Press Enter to execute the command. Apolo will provision the resources and start the job.
Watch the terminal output. It will show the job status transitioning from pending Creating -> pending Scheduling -> pending ContainerCreating -> running.
Once running, Apolo provides an ✓ Http URL:. This is the public web address for your deployed Speaches service.

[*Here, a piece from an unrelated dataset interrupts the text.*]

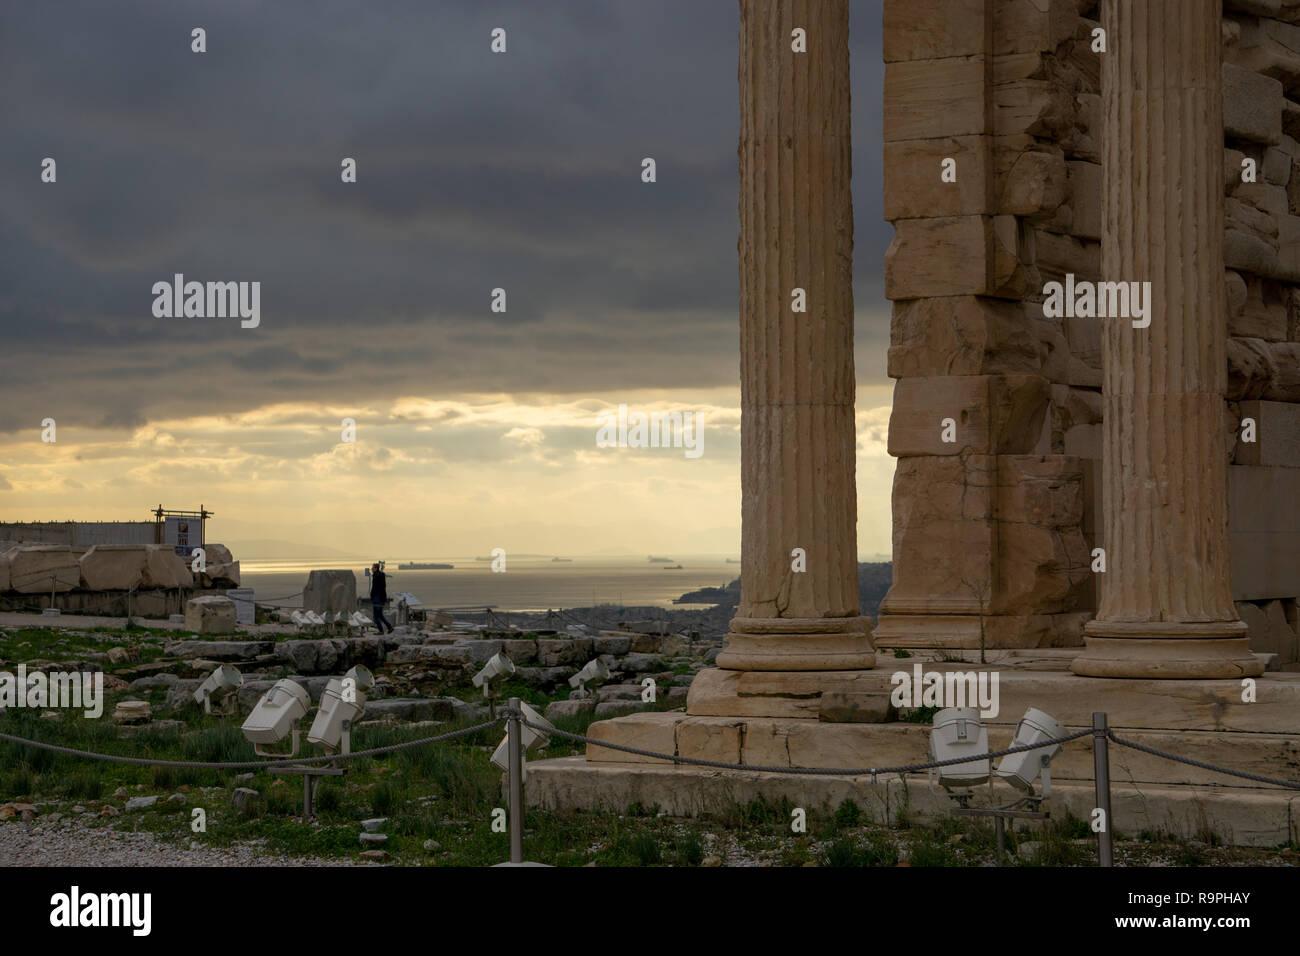 Tuve mucha suerte en el día que visité la Acrópolis. Casi no había turistas allí en ese día me distrajo de soñar y viajar en el tiempo. Foto de stock

Step 2: Using the Speaches Playground UI

Copy the Http URL provided in the terminal output.
Paste the URL into your web browser and navigate to it. This opens the "Speaches Playground" UI.

Speech-to-Text Demo

Click on the "Speech-to-Text" tab.
Click the microphone icon (🎙️) below the "Drop Audio Here" area.
Click the "Record" button.
Speak a sentence into your microphone (e.g., "Hi, I am a machine learning engineer who works at Apolo. How are you doing?").
Click the "Stop" button.
From the "Model" dropdown, select a speech recognition model (e.g., systran/faster-whisper-tiny). The first time you select a model, it might be downloaded, which takes a moment.
Ensure the "Task" dropdown is set to transcribe.
Click the "Generate" button.
Observe the transcribed text appearing in the "Textbox" below.

Text-to-Speech Demo

Click on the "Text-to-Speech" tab.
The default model (hexgrad/Kokoro-B2M) requires downloading. Click the "Download Model and Voices" button and wait for the processing to complete (this may take several seconds).
Once downloaded, additional options appear.
Select a "Voice" from the dropdown (e.g., af_nicole).
Leave the default "Input Text" (or enter your own).
Click the "Generate Speech" button.
Wait for the processing to complete.
An audio player will appear at the bottom. Click the play button (▶️) to listen to the generated speech.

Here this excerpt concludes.